Heather added, "I've had people at work asking about this, and Sharon actually lost some business for a little while, but now she has more referrals than we know what to do with. My company has always been fairly left of center, and this has actually benefited me. HR asked me to head up an employee LGBT group, and we've had people coming out of the closet right and left. It's nerve-wracking, because I've never been the type to be really out, but it's affirming at the same time."
Renee nodded. "That happens sometimes. I've noticed a surge in business with newly married same-sex couples looking for estate planning, which has been great. They find out that I'm a member of this church, and assume I'm safe to talk to."
Larry Diller, owner of a computer repair shop, asked, "Has anyone heard what is going on in the Blankenship divorce?"
Renee answered, "I can only talk about what has come out in open court, but it seems that Justin was willing to be very generous with Doris as long as she didn't fight it.
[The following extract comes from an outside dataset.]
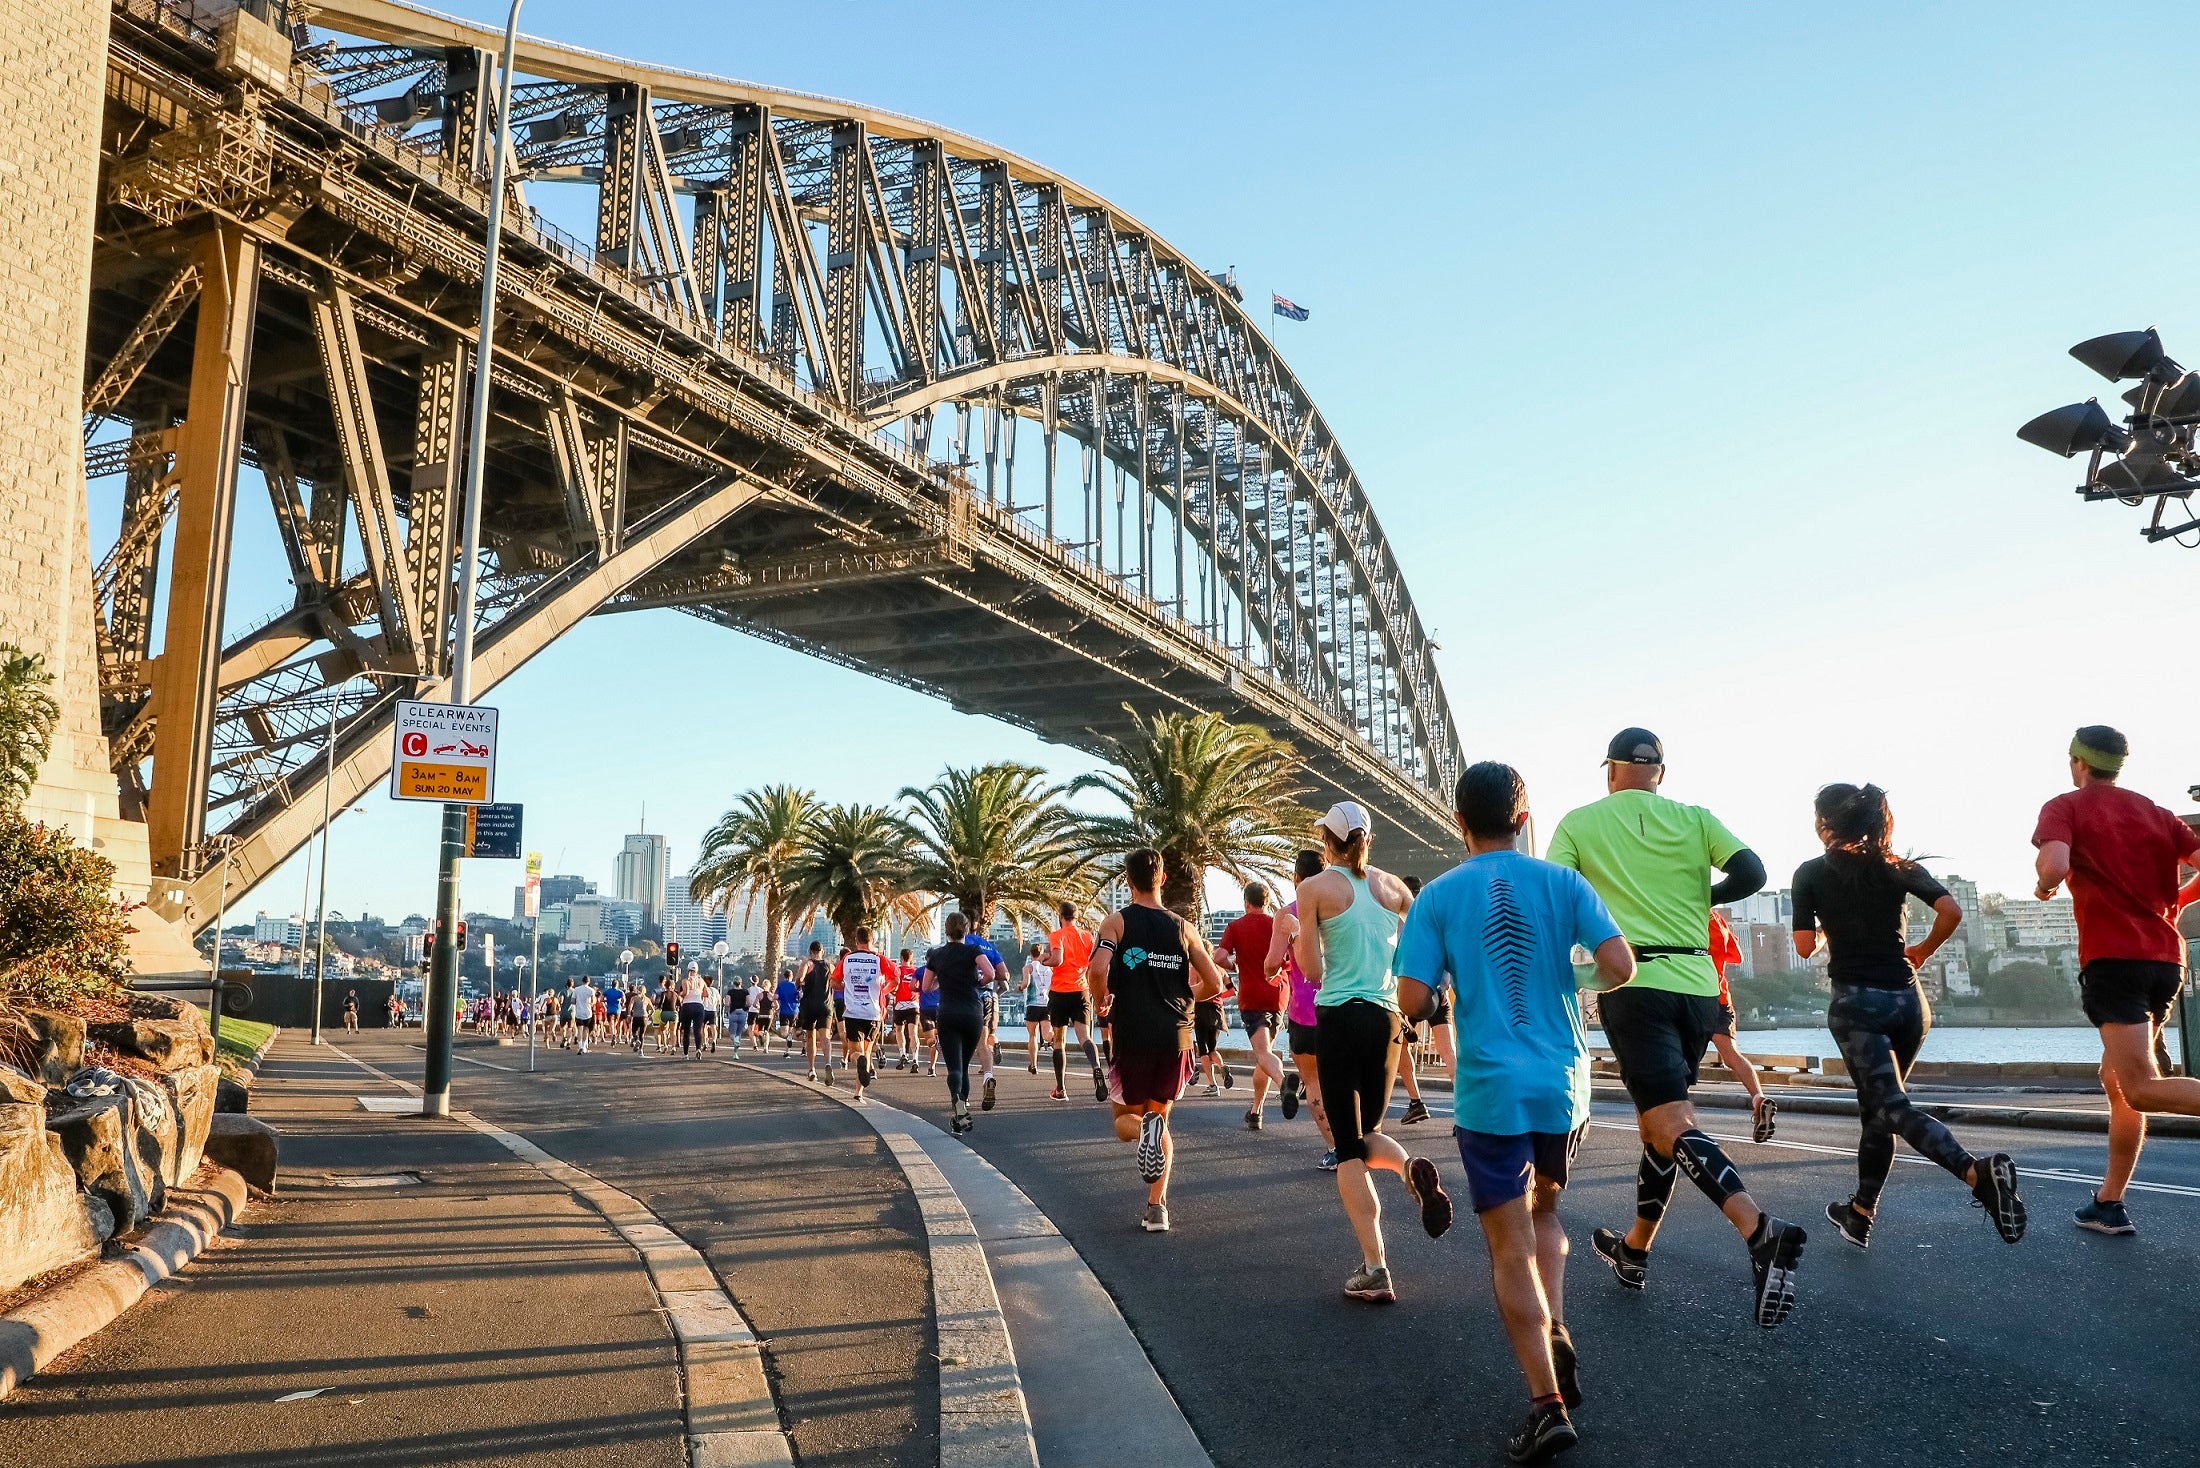 The Sydney Harbour Bridge and people running on the road that goes under it.

But she's fighting tooth and nail, and he's fighting back. Meanwhile, Leo was convicted of a multitude of charges, and has been sentenced to jail and probation after that."
Jan Newman, the nominal class leader, rapped her pencil lightly on the table. "Class, I hate to disrupt this fascinating discussion, but are we ready to begin?"
"Sure, sorry," Renee said.
"Let us open in prayer," Jan said.
Doris Blankenship waited nervously at the jail for her turn to go see Leo. My poor baby, she thought, stuck in this horrid place. Her thoughts were interrupted by a guard calling her name. She quickly rose and followed him to the visitation room, sitting down and staring at the phone and plexiglass.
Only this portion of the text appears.